2 days ago
Vending machines at the University of Waterloo violated privacy act
Ontario's privacy watchdog has ruled vending machines on campus at the University of Waterloo violated the Freedom of Information and Protection of Privacy Act.
Students lodged a formal complaint with the Office of the Information and Privacy Commissioner of Ontario (IPC) in Feb. 2024 after the 'smart' vending machines were installed by a third-party provider. They claimed the machines were using facial recognition technology to collect images without consent or notice.
The students said they were alarmed when one of the machines, located in the Modern Languages building, malfunctioned and displayed an error message reading, ' – Application Error.'
'We wouldn't have known if it weren't for the application error. There's no warning here,' said River Stanley, a fourth-year student at UW, who investigated the machines for an article in the university publication, mathNEWS.
Stanley told CTV News students then started putting sticky tack, chewing gum, or Post It Notes over the machines' sensors.
vending machine facial recognition
Fourth-year University of Waterloo student River Stanley explains where students have been trying to cover a hole on a vending machine that they believe houses a camera. (Colton Wiens/CTV Kitchener)
The investigation
An IPC investigator learned the university had signed an agreement with the company that owns the machines, Adaria, in Oct. 2023. Adaria was to provide 29 vending machines and be responsible for maintaining, monitoring and stocking them. They were installed in Dec. 2023 and removed from campus in Feb. 2024 when the school learned of the privacy concerns.
The university said Adaria either purchased or leased the machines from candy maker MARS and MARS contracted Invenda to build and supply the machines.
The school told the IPC it had no knowledge that facial detection technology was being used to collect demographic data.
According to an IPC report, when a sale was made, the machine would record a timestamp, the item purchased and demographic data, including facial detection. The technology would then estimate the buyer's gender and age range.
'There was no dispute that the IVMs [Intelligent Vending Machines] captured video images of individuals' faces on the university's campus,' the report read. 'However, the university argued that the resolution of the optical sensor in the IVMs was too low for the device to be considered a camera or create identifiable images of individuals.'
The IPC said an investigator deemed the images were of 'photographic quality' but noted those images were held for milliseconds before they were converted into abstract grayscale images and then into numeric descriptors describing the demographic data.

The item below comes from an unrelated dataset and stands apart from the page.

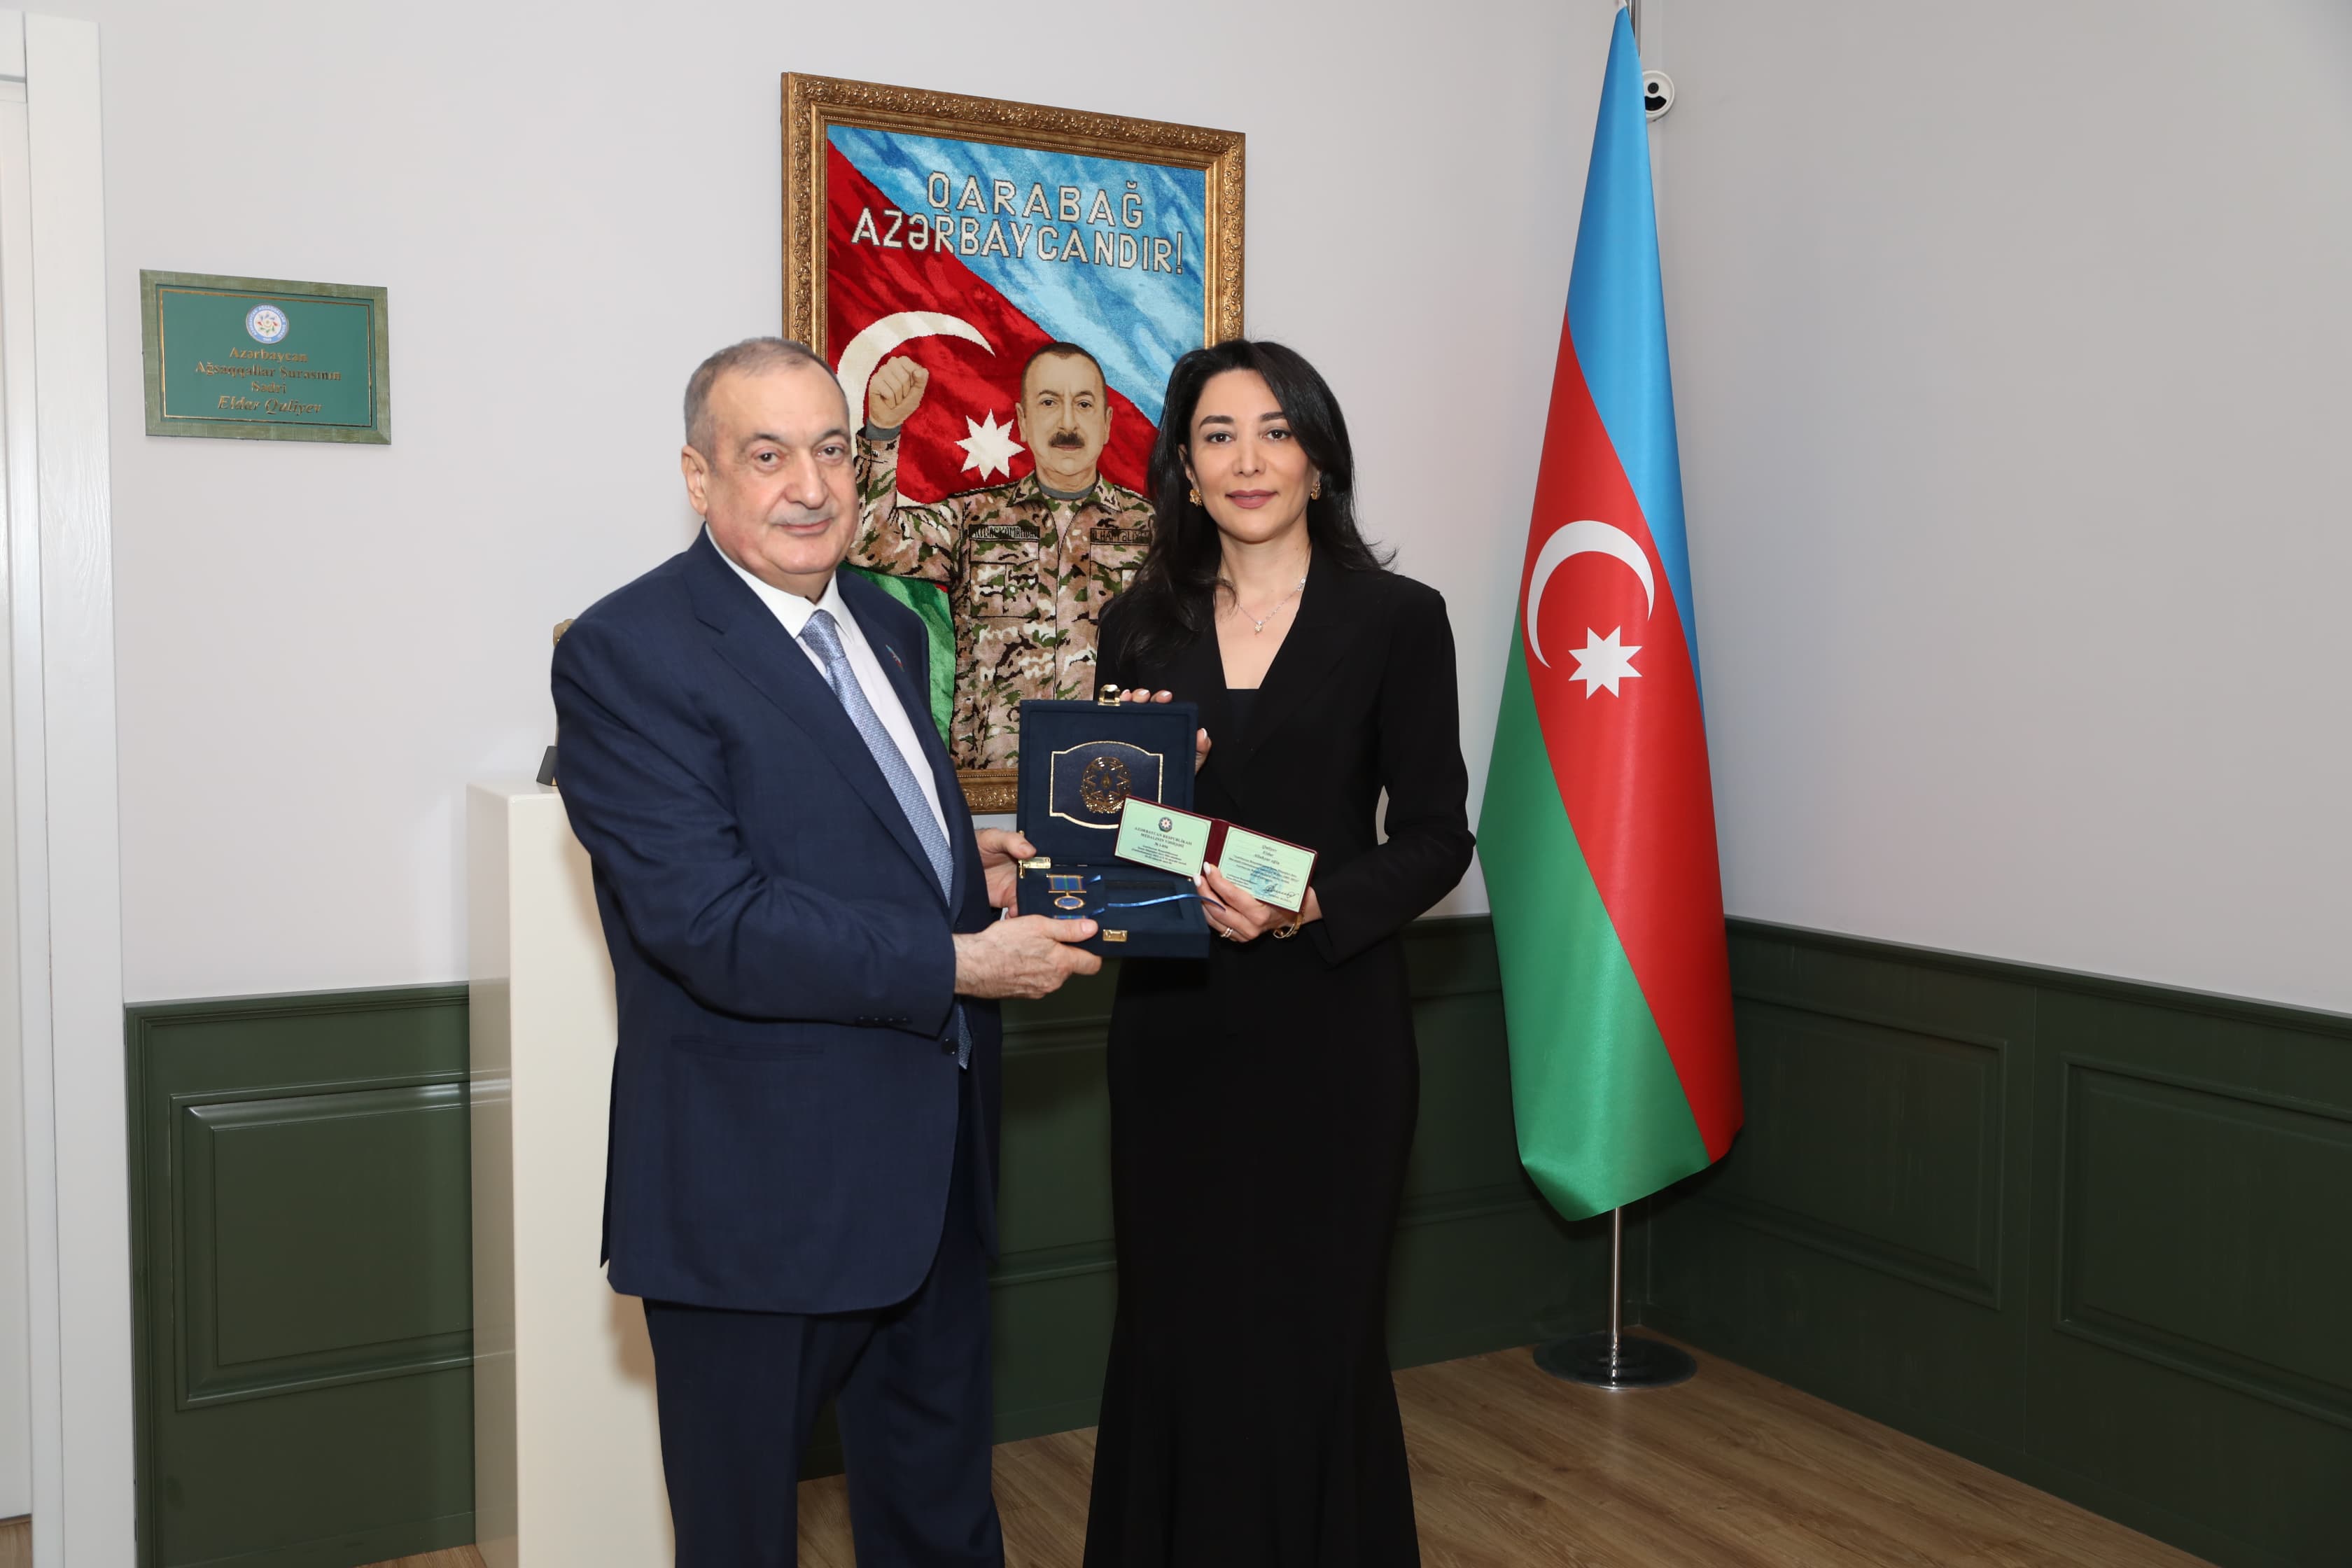 The Ombudsman awarded the Chair of the Council of Elders of Azerbaijan with the Ombudsman Institution’s Jubilee Medal

'Our investigation into this matter has found no evidence to suggest that personal information, beyond the initial temporary capture of facial images, was retained and further used by these vendors,' the report said.
vending machine facial recognition
A vending machine at University of Waterloo displays a facial recognition app error. (Reddit)
Did the university know?
The IPC report noted the agreement between the University of Waterloo and the vending machine company contained 'all the appropriate standard clauses necessary to protect personal information.'
It also determined the university was not aware the machines had facial detection technology that was collecting personal information and had not asked for vending machines with that capability.
However, Adaria's proposal did mention a collaboration with MARS to test new product innovations, including MARS Intelligent Vending Machines.
The investigators stated that, although the university had reasonable contractual measures in place, it failed to carry out the necessary due diligence that would have uncovered the potential privacy concerns.
Report recommendations
The IPC report concluded with two recommendations: the university should review its privacy policies to ensure any future collection of personal information complies with the Freedom of Information and Protection of Privacy Act, and the university should ensure it carries out all necessary due diligence to identify, assess and mitigate any potential risks to personal information when entering into new agreements with third-party providers.